Yet, we don’t have to go far to see the wonder and beauty that also permeate human existence. I live in a valley in the Blue Ridge Mountains where the last vestiges of a slow-starting but glorious fall are slipping away. Last year, my husband and I visited the Grand Canyon, the beauty of which is impossible to describe. Despite the destructiveness of natural disasters, in places like those and others throughout this country and around the world, the physical beauty of God’s creation is still visible. And for all the evil and cruelty people can perpetrate on each other, the beauty of God’s image in fallen man is also still visible in the kindness and care people can demonstrate toward others.

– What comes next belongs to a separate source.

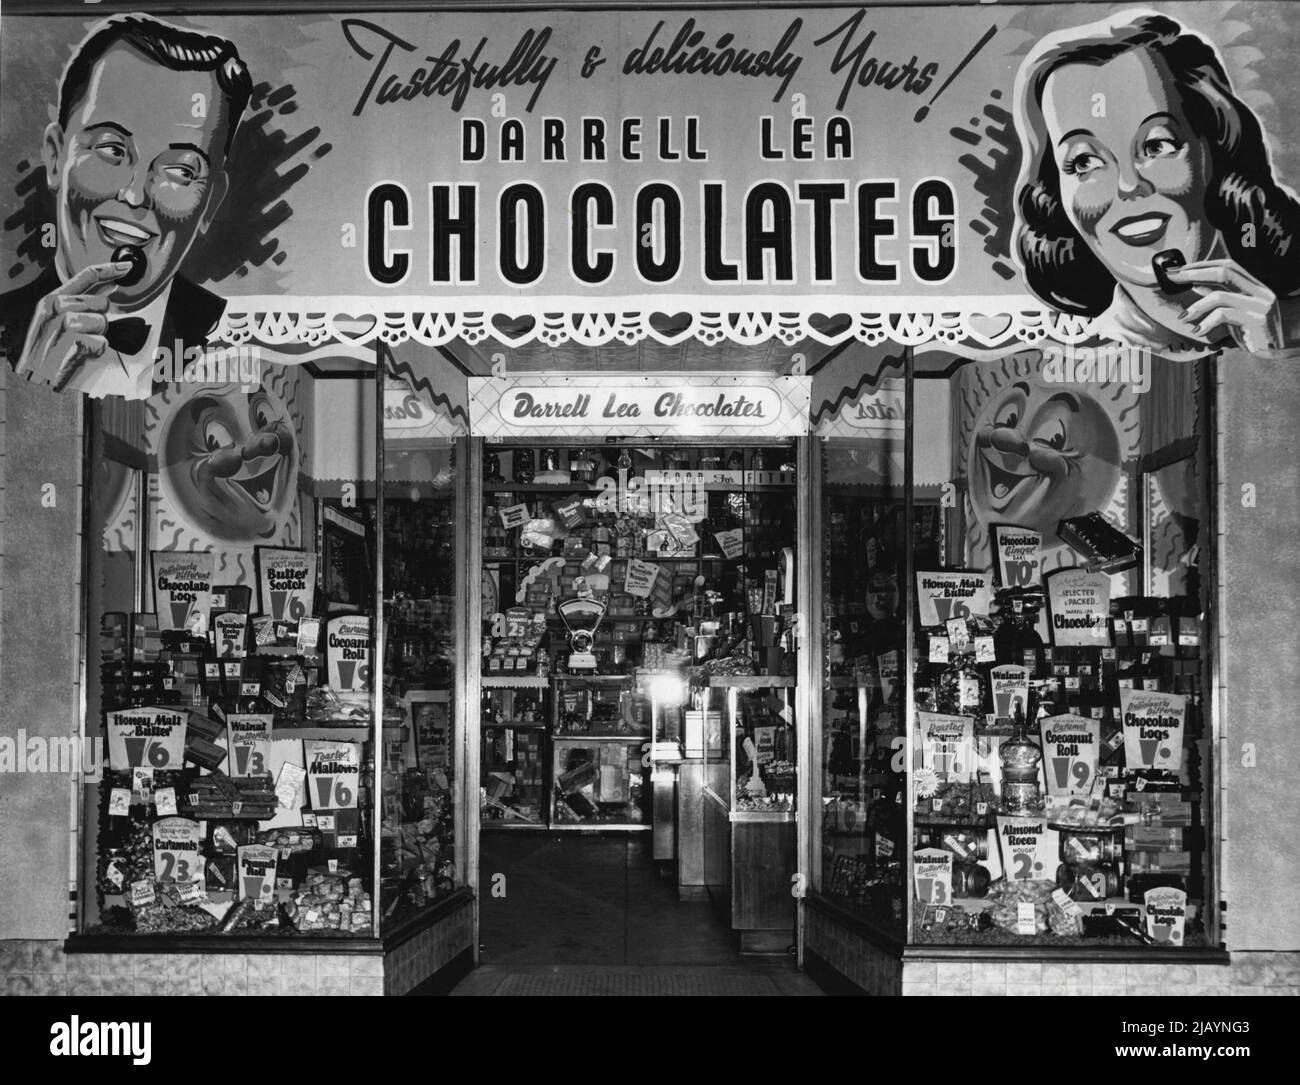 Darrell Lea, quindi (1952). Una delle grandi icone australiane, i cui negozi sono stati stravaganzas inconfondibili di merchandising lilly garish per più di 60 anni, ha deciso di prendere il salto nella pubblicità. La mossa è quella di impedire a Darrell Lea di diventare "un dinosauro", secondo le parole di un dirigente senior. Darrell Lea, che ha introdotto gli australiani alle gioie di mangiare chockies miste indietro nel 1927 (e che forse ha mantenuto una generazione di dentisti australiani nel commercio), può ancora andare forte, ma è preoccupato che la sua immagine iconica può essere vulnerabile. Giugno 1, 1952. (Foto di Howard ha Foto Stock

As Christ’s followers, we have a calling to do what we can to mitigate this world’s pain and to show the world the wonderful – if not pain free – life Jesus offers. Jesus told the disciples to love their enemies and to pray for those who persecuted them, to do good to those that hated them and to bless those who cursed them. In our highly polarized culture, that’s a command Christians ought to take more seriously. The early Christians were known by their love – a love different from any the world had heretofore seen — and it changed that world. Christians today can do the same.
Christians have the one thing the world can’t give — hope. Hope for an angry, hurting world. Not hope in America. Not hope in political leaders. Not hope in world peace. America may fall. Political leaders can’t be trusted. World peace is but an empty dream. The only sure hope is hope in Jesus Christ. It’s a hope to love for, a hope to live for and, ultimately, a hope to die for. Because of this hope — and only this hope — Christians can love their enemies, do good to those that hate them, and thereby do what political leaders never can — change the world.
In a world so broken and beset with the consequences of the fall, the temptation to despair is always with us. But as people of hope, as Westley might say, despair does not become us. Instead, Christians can affirm with Westley that, yes, life is pain, yet, because of this hope, at the same time still say with Frank Capra, “It’s a wonderful life.”